シュ・ミゼラブル

趣味多すぎてパンク。雑な感想、メモ

プロ侍、山本耕史がニートから侍になる話『愛のレキシアター「ざ・びぎにんぐ・おぶ・らぶ」』

愛のレキシアター「ざ・びぎにんぐ・おぶ・らぶ」感想

※ネタバレあり

原作・演出:たいらのまさピコ(河原雅彦)

上演台本:たいらのまさピコ(河原雅彦)・大堀光威

音楽:レキシ/音楽監督:ヒロ出島(山口寛雄

振付:梅棒

【出演】

山本耕史 松岡茉優 佐藤流司 高田聖子 井上小百合(乃木坂46)

前田悟 浦嶋りんこ 山本亨 藤井隆八嶋智人

梅澤裕介 遠山晶司 楢木和也 野田裕貴/巽徳子 YOU 碓井菜央 佐久間夕貴 五十嵐結也 永井直也/カイル・カード サラ・マクドナルド

*・*・:::・*・*:::・*・*:::・*・*:::・*・

観劇日時

2019年3月31日(土)13:00~ @オリックス劇場(大阪)

*・*・:::・*・*:::・*・*:::・*・*:::・*・

 

NHK時代劇枠御用達俳優であるプロ侍、山本耕史ニートから侍になる話。

それが愛のレキシアター『ざ・びぎにんぐ・おぶ・らぶ』である。 www.rekitheater.jp

当初「あのレキシの名曲たちがミュージカルになる!」というニュースを目にした時「いやいやまた舞台化かい~何でもかんでも最近は舞台にミュージカルにって…ってレキシ?あのレキシ?(レキシの表情の絵文字)」と混乱したことを覚えている。

ただ、大阪公演の期間は年度末なのでなんとなく(ただとにかくなんとなく)バタバタしている時期に感じ、「どうする…念願の山本耕史も観れるが…見送るかもしれない…レキシが出る訳じゃないしな…。てか本家のライブ行くし(マウント)?御免!」と一時見送っていた事実をここに公表し、謝罪いたします。

 

2月。(BGM♪ほら貝の音)

大阪城ホールのアリーナにいた。

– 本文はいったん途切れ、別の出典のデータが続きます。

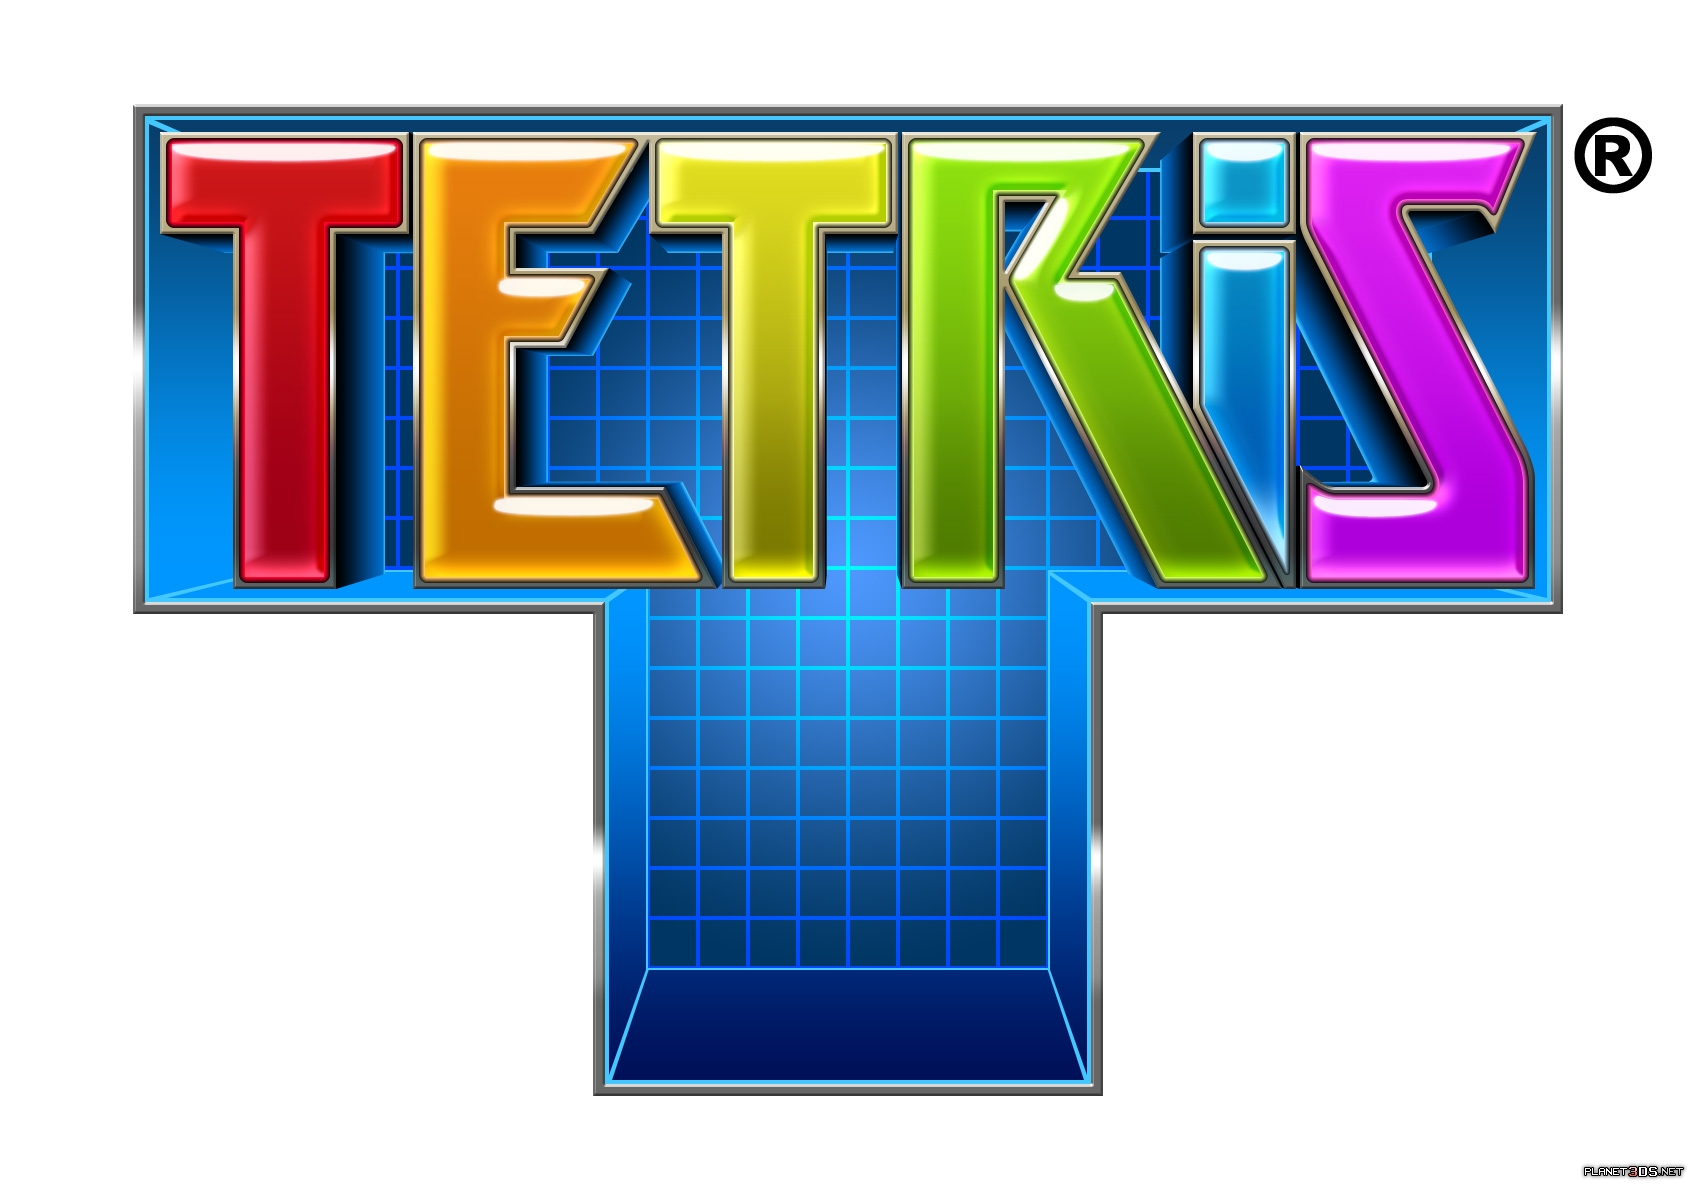 tetris_logo_yrc4

去年の夏から楽しみに待ちわびていた『レキシ TOUR 2018 まんま日本ムキシばなし』ファイナル公演である。

無論大盛り上がりでわたしも大暴れした。

そこにゲスト兼レキシアターの宣伝で八嶋智人さん(レキシネーム劇団シキブ)が登場、華麗なダンスと八嶋節を披露していた。

「やっぱりレキシの歌サイコー!レキシアター一時見送ってごめん!行きます!!(稲を振りながら)」と観に行くに至ったのだった。

 

ちなみにこの感想、「なんだかよくわからないけど、とりあえず楽しかったのかな」ってことくらいしかわからないです。少なくとも自分で見返してそういう気持ちになった。

あらすじに関してはうまく説明できないので、なんか適当に検索して見つけてください。

 

 

まさかのお葬式オープニング

いきなりレキシこと池ちゃんのお葬式映像から始まって笑う。

ストーリーは、弔問に来たいとうせいこう氏(足軽先生)が「今までの作品をどうやって残していこう」と嘆いていると、河原さん(演出)が登場し「ならミュージカルにしよう!」って提案し始めてどうにかこうにかなって、最終的に八嶋さんにレキシが憑依するという展開。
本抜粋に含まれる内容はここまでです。